A spasso per Palenque
Il Palazzo che si erge al centro di Palenque su una piattaforma alta 10 metri è in realtà un agglomerato di vari edifici addossati gli uni agli altri che vennero costruiti in un arco di 120 anni a partire dal 600 a.C., quando Palenque era governata dalla regina Zak Kuk, madre del grande sovrano Pacal. Tutti gli ambienti sono raggruppati intorno a delle corti e sono decorati con ricchi stucchi – un tempo dipinto di giallo, verde e blu – che raffigurano scene di incoronazioni o le imprese memorabili dei sovrani. Sui gradini della corte centrale sono incisi numerosi glifi del calendario, mentre lungo le pareti sono state innalzate delle lastre con immagini di schiavi o di prigionieri di alto rango, a giudicare dalle vesti sfarzose che indossano.

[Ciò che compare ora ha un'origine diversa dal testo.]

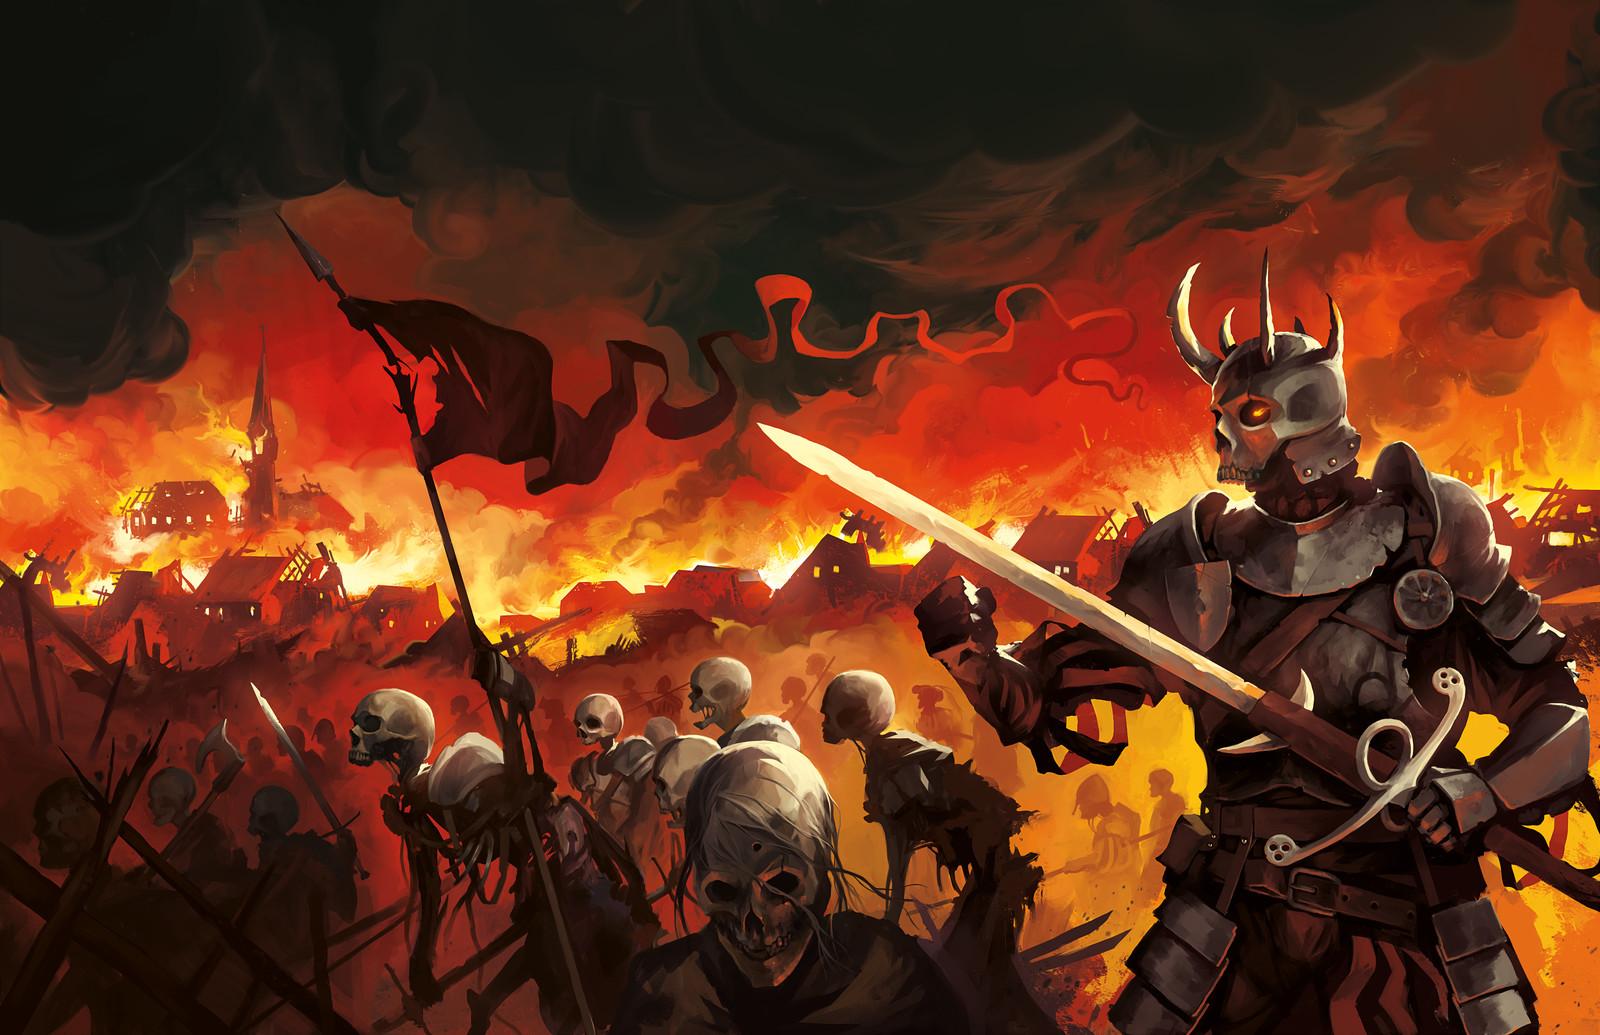 The Devil's Landsknecht

Il Gruppo della Croce , costruito alle spalle del Palazzo sul lato sinistro del torrente che attraversa la città, è costituito da tre templi: il Tempio della Croce, il Tempio della Croce Fogliata e il Tempio del Sole. Si tratta di tre edifici a pianta rettangolare sormontati da una struttura a cresta, con pilastri che scandiscono la facciata, mentre l’interno è diviso in tre piccole stanze dalla falsa volta, tipica dell’architettura maya, rivestite da pannelli istoriati. Il Tempio della Croce e quello della Croce Fogliata devono il loro nome a un’errata interpretazione dei primi scopritori, che videro sulle pareti un rilievo che somigliava a una croce, ma che in realtà raffigurava la Ceiba, l’Albero Cosmico dei Maya. Il Tempio del Sole mostra invece delle immagini di giaguaro e si pensa quindi che fosse dedicato ai sacrifici di sangue e alla guerra. Ai tre templi erano associate altrettante divinità di cui non si conoscono i nomi e perciò ricordate come “Triade di Palenque”.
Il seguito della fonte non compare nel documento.